Software Integrity


Business logic: High frequency trading’s security lessons

Associated Press’s Twitter feed was hacked a posted tweet indicated that the president was injured in an explosion. The market momentarily lost $136 billion (*).

This event is instructive to security folk.  Building security in requires understanding it as an emergent property (let’s avoid the often misused term “business logic flaw”). I spent significant time as a dev lead helping build a trading system and its middleware and dealt with some of these very problems.

First, I built middleware, focusing on performance and scalability. When I took over the core trading engine code this focus remained. There were also a raft of business rules governing matching and trade and the engine needed to support applying these rules rapidly (two orders of magnitude faster than the previous generation system). The organization assigned me a business analyst from the get-go. He immediately levied what were, in his mind, functional requirements on me (these were not functional reqs… but whatever). Read them with an eye to security and think about “misuse cases”. He said, “We need the system to:…”

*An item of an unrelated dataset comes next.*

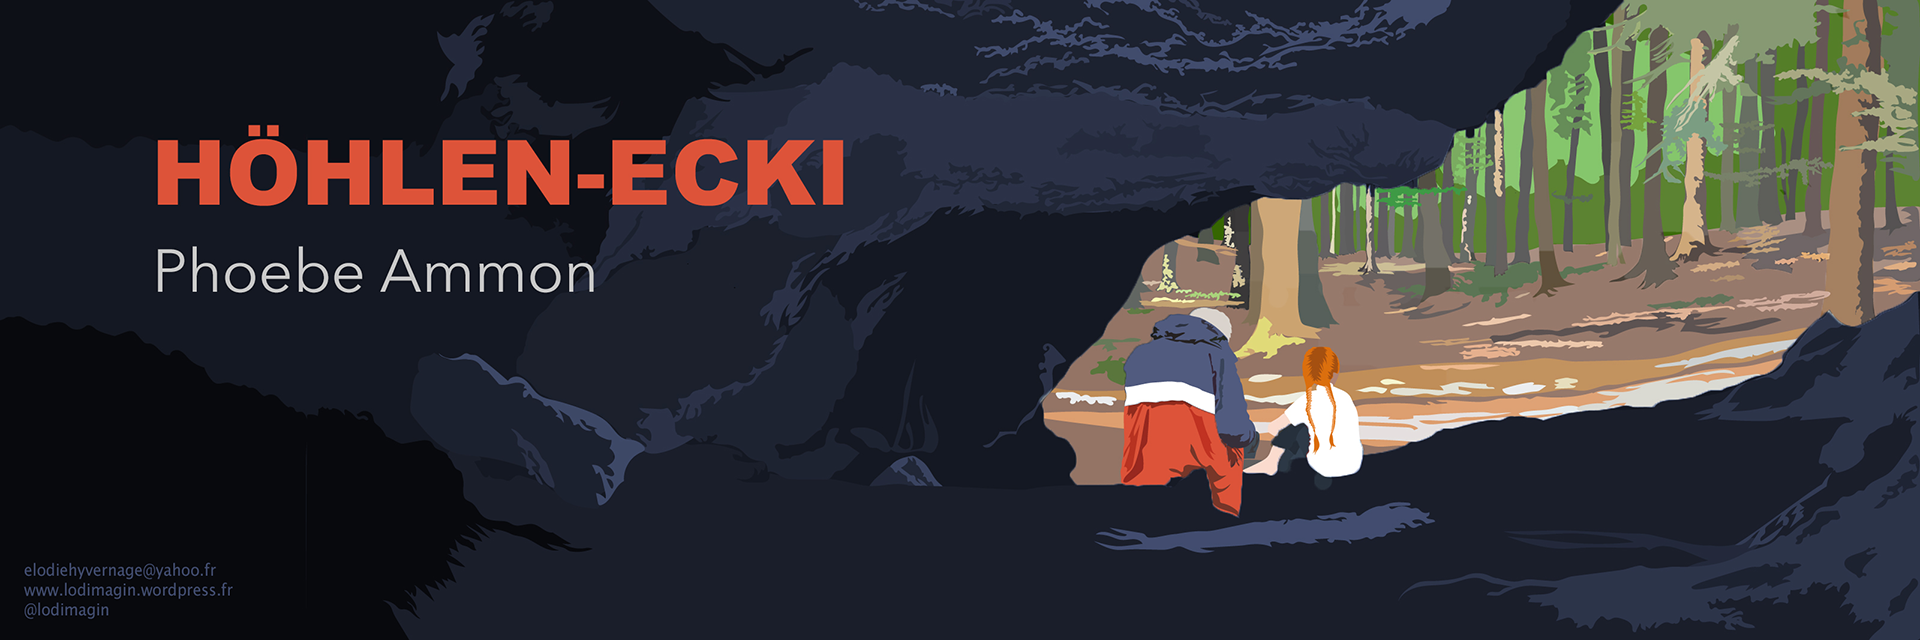 Illustration zum Drehbuch "Höhlen-Ecki" von Elodie Hyvernage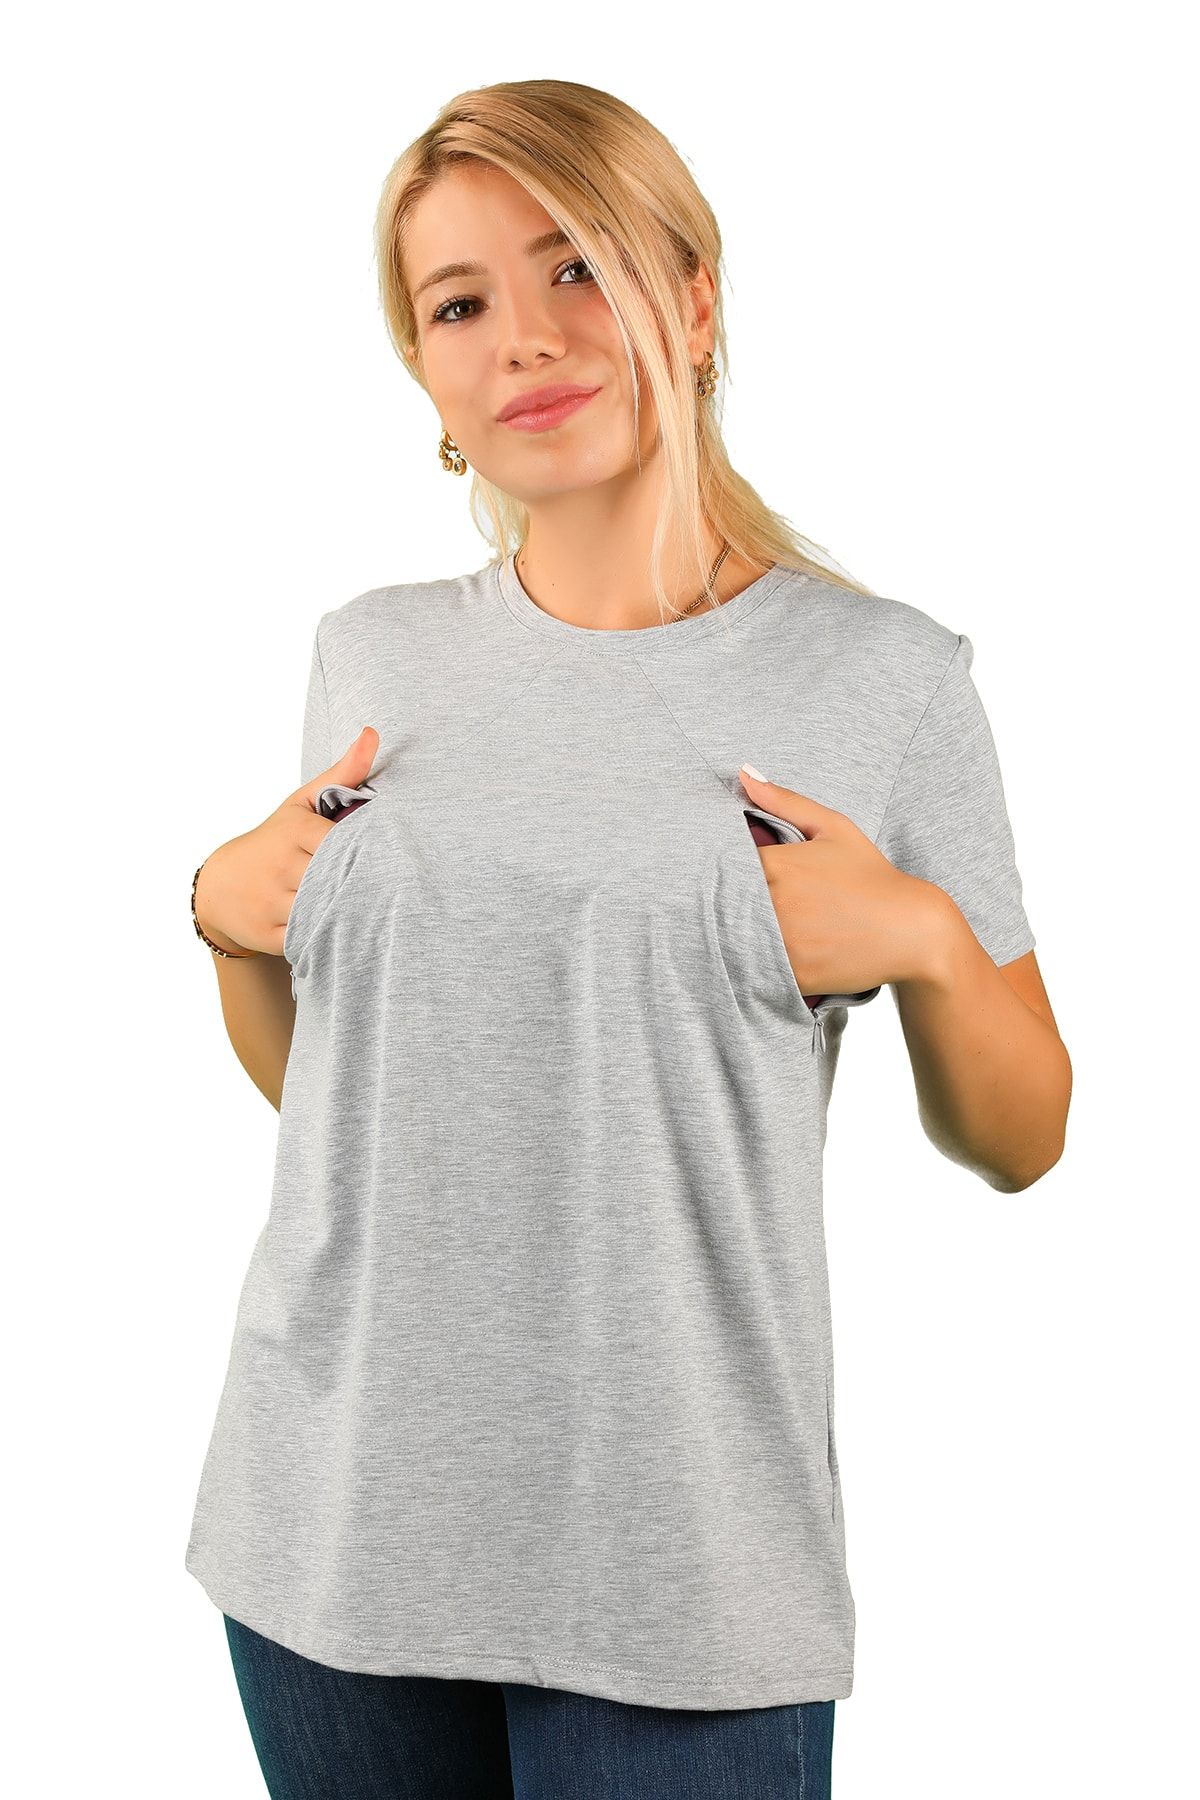 BALİNS Kadın Fermuarlı Emzirme T-shirt Gri

  • Conduct match logic based on risk criteria
  • Straightforward match must occur at XXX,XXX/sec
  • Contentious match must occur at XX,XXX/sec
  • Suspect match may occur at only X,XXX/sec

Quantitative performance goals: super. Next was to define “contentious” and “suspect”.

Examples of contentious behavior included:

  • 80% of traffic occurs on 20% of the instruments. Extremely high (or low instrument) volume relative to these normal targets.
  • Highest issue match / trade volume was beginning and end of day. Mid-day peak volumes qualify as contentious.
  • High issue volume from a non-market maker.
  • High volume of reversals on a single instrument.

Suspect behavior included

  • Issue price = $0
  • Issue price +- 10% over current issue price
  • Issue price w/ non-matching issuer (I dropped these in the middleware)
  • Invalid pricing (e.g. negative values, again dropped in my middleware)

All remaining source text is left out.